Nach erfolgreicher Abdosierung werden im Idealfall Gespräche zur Stabilisierung und
Rückfallprophylaxe geführt.
Den roten Faden in allen Gesprächen bilden die im Vertrag vereinbarten Ziele und alles
was die Erreichung dieser Ziele hemmt bzw. fördert.
Der Ablauf einer Behandlung kann nur exemplarisch skizziert werden, da jeder Fall
unterschiedlich ist und individuelle Wege und Lösungen gesucht werden müssen.

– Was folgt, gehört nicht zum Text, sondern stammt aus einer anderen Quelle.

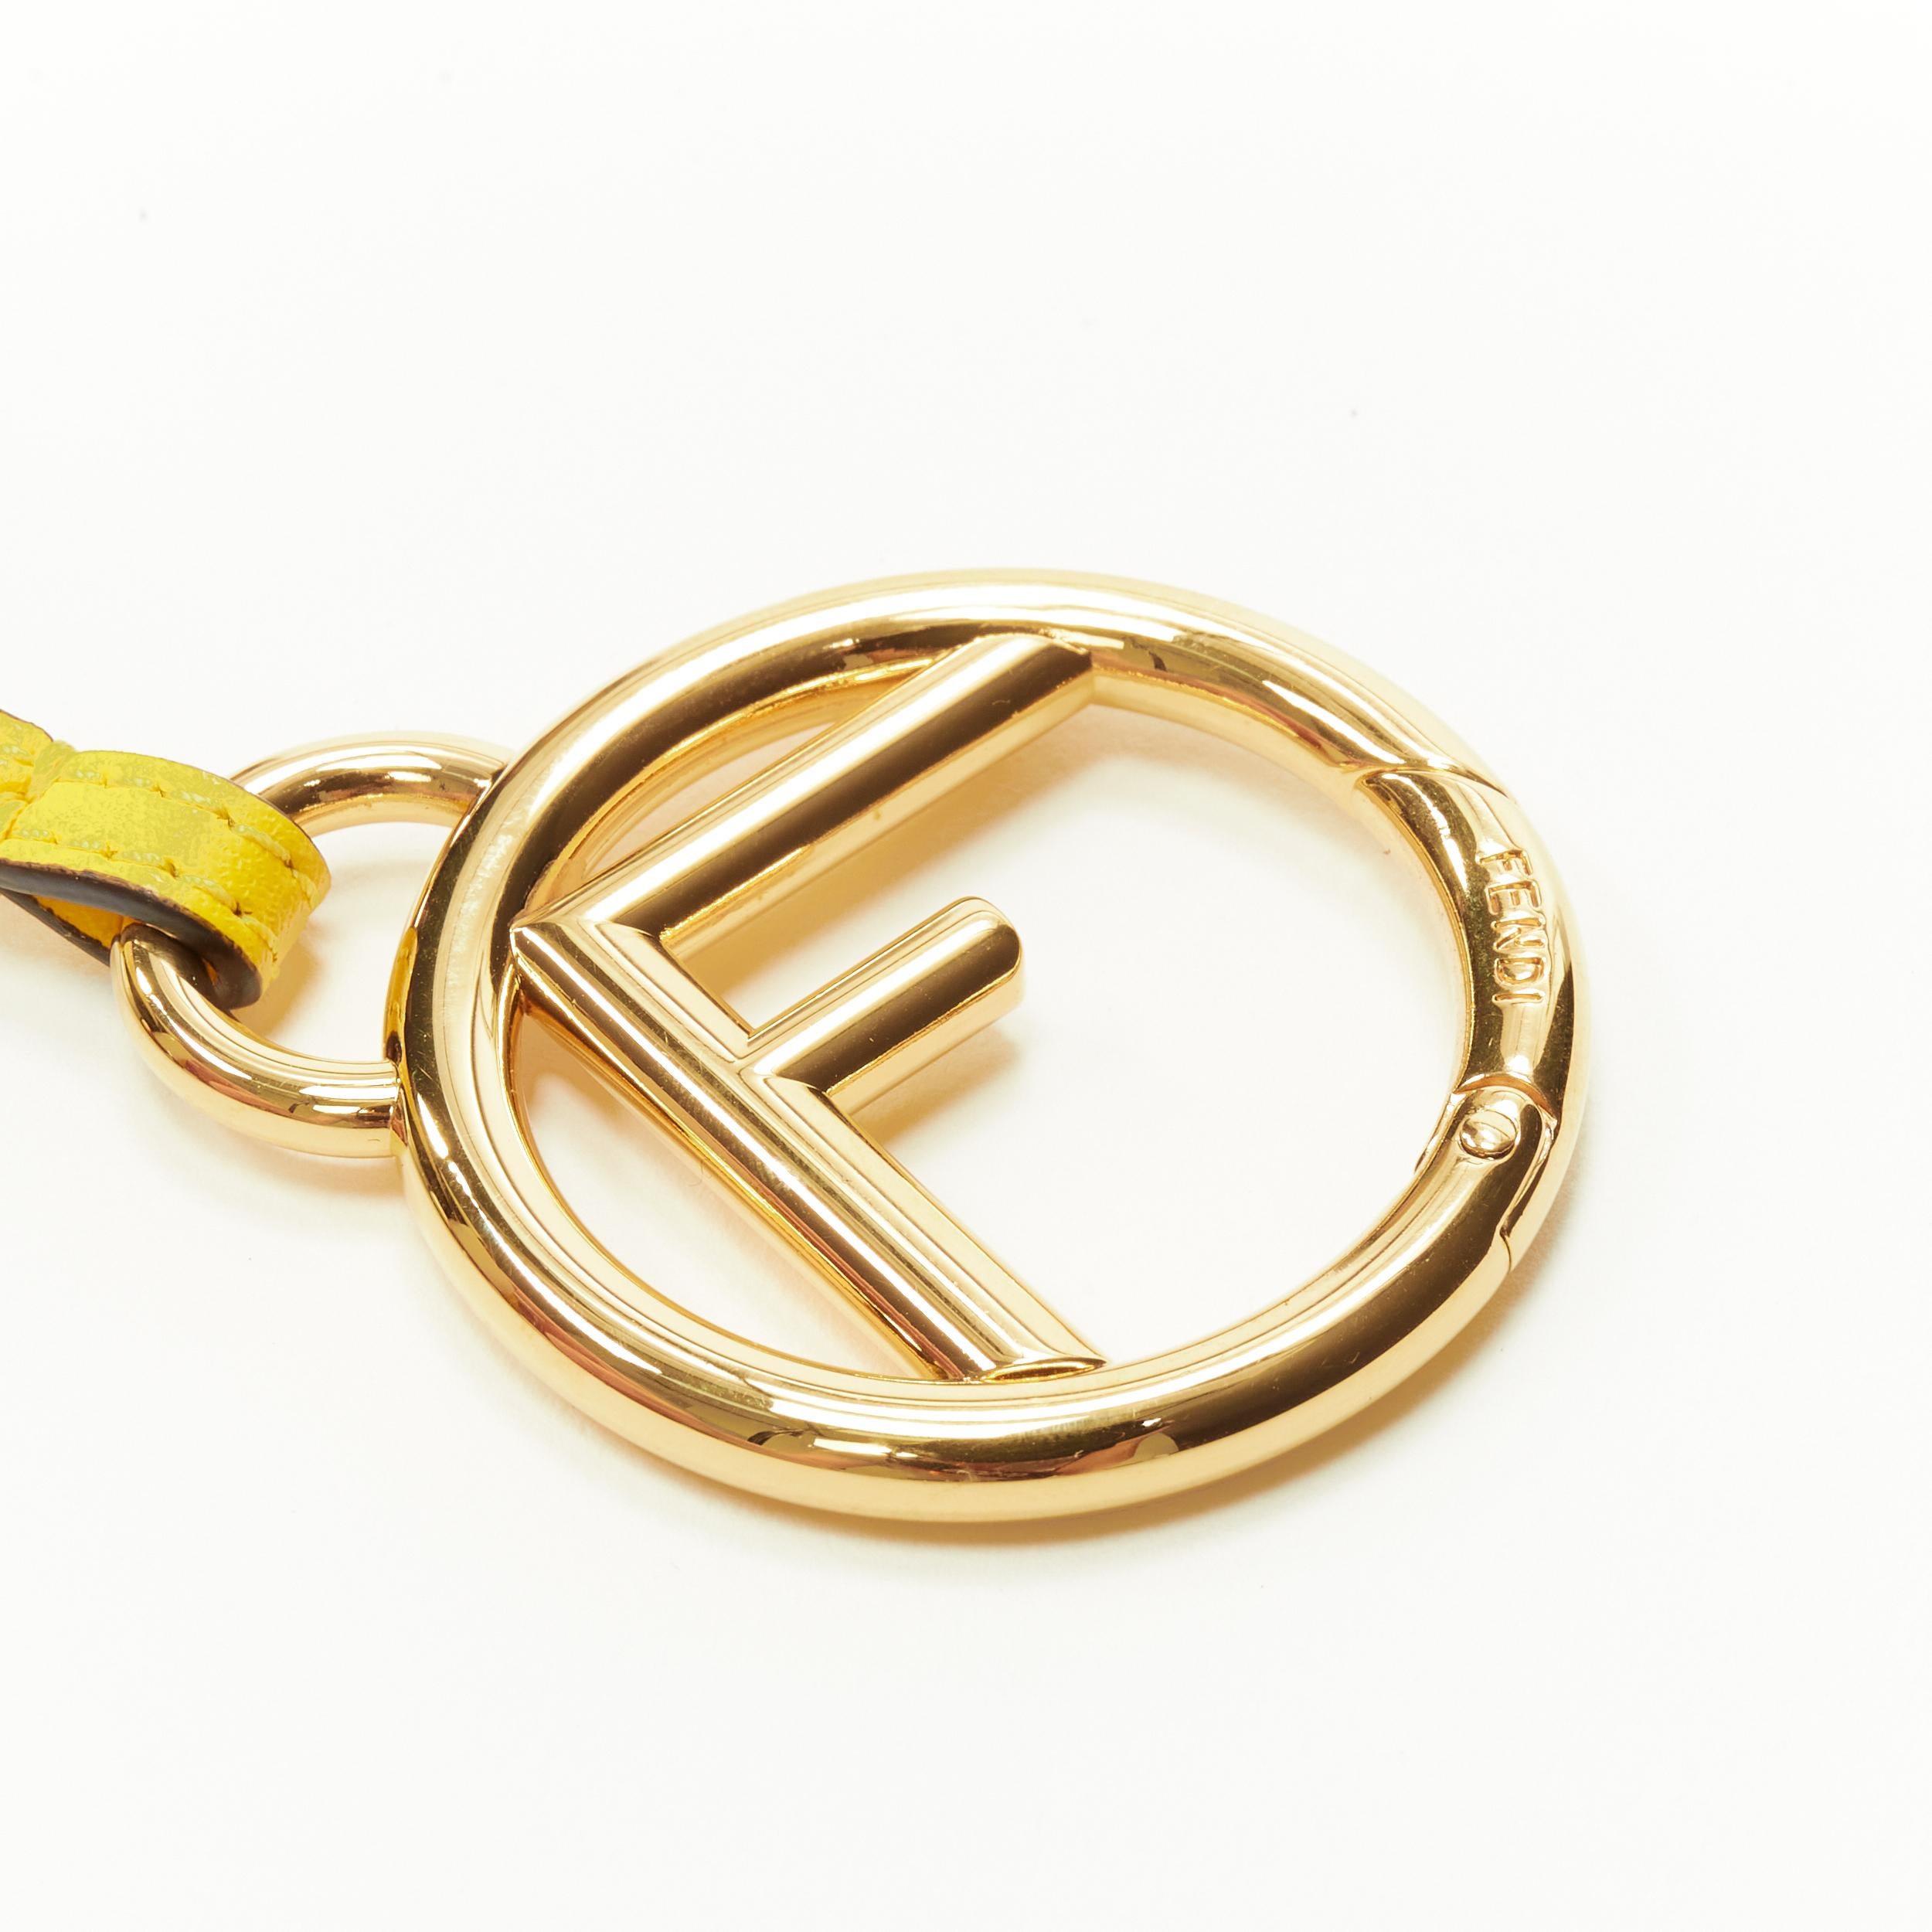 Women's rare FENDI Zucca GG monogra yellow pealed back banana gold F key ring bag charm

Möglich ist dies nur auf dem oben beschriebenen Hintergrund der Zusammenarbeit und
Kooperation. Die individuelle Behandlung entwickelt sich in einem eng verflochtenen
Netzwerk aus ambulanter medizinischer Behandlung, psychosozialer Betreuung und mit
dem möglichen Rückgriff auf stationäre Behandlungsmöglichkeiten.
(mehr Informationen über das Konstanzer Modell in unseren Jahresberichten)
Folie
Auswertung Konstanzer Modell 1999 – 2008
(Anlage)
Diskussion, Erläuterung……. Chancen aber auch Grenzen
Schluss
Ich möchte meine Ausführungen mit einer These abschließen:
Veränderungen im gesellschaftlichen Umgang mit Drogenabhängigkeit und
Veränderungen der Hilfs- und Behandlungsangebote haben direkte Auswirkungen auf
die individuelle Ausprägung der Sucht. Sie beeinflussen die Entstehung, die Dauer,
den Verlauf und den Ausgang von Drogenkarrieren. Sie beeinflussen sogar was für
Drogen, in welcher Menge konsumiert werden.
Diese Aussage erscheit zunächst „selbstverständlich“ widerlegt aber alle diejenigen, die
Drogenabhängigkeit ansehen als:
individuelles biologisch/genetisch determiniertes Geschehen
als Lebensstil abhängig von der Art der konsumierten Droge
Die ersteren leiten daraus ab, dass lediglich Versorgung und pharmakologische
Behandlung sinnvoll ist. Die letzteren, dass man die Süchtigen selbst frei entscheiden
lassen sollte, wie sie leben und was sie konsumieren wollen.
Meine Aussage, die ich zu begründen versucht habe fordert die Gesellschaft und uns zum
aktiven Handeln auf. Wir dürfen die Suchtkranken nicht sich selbst überlassen, weil
Veränderungen zum positiven und negativen möglich sind.
Gleichzeitig ist dies auch eine Begründung für unser aller Bemühen die Angebote für
die Suchmittelabhängigen in der Region auszubauen, zielgenauer zu gestalten und
durch Zusammenarbeit zu optimieren.
(Dies im Interesse der Betroffenen, ihrer Angehörigen und der Gesellschaft.)
Hierin sehe ich Aufgabe und Sinn unseres Suchthilfeverbundes.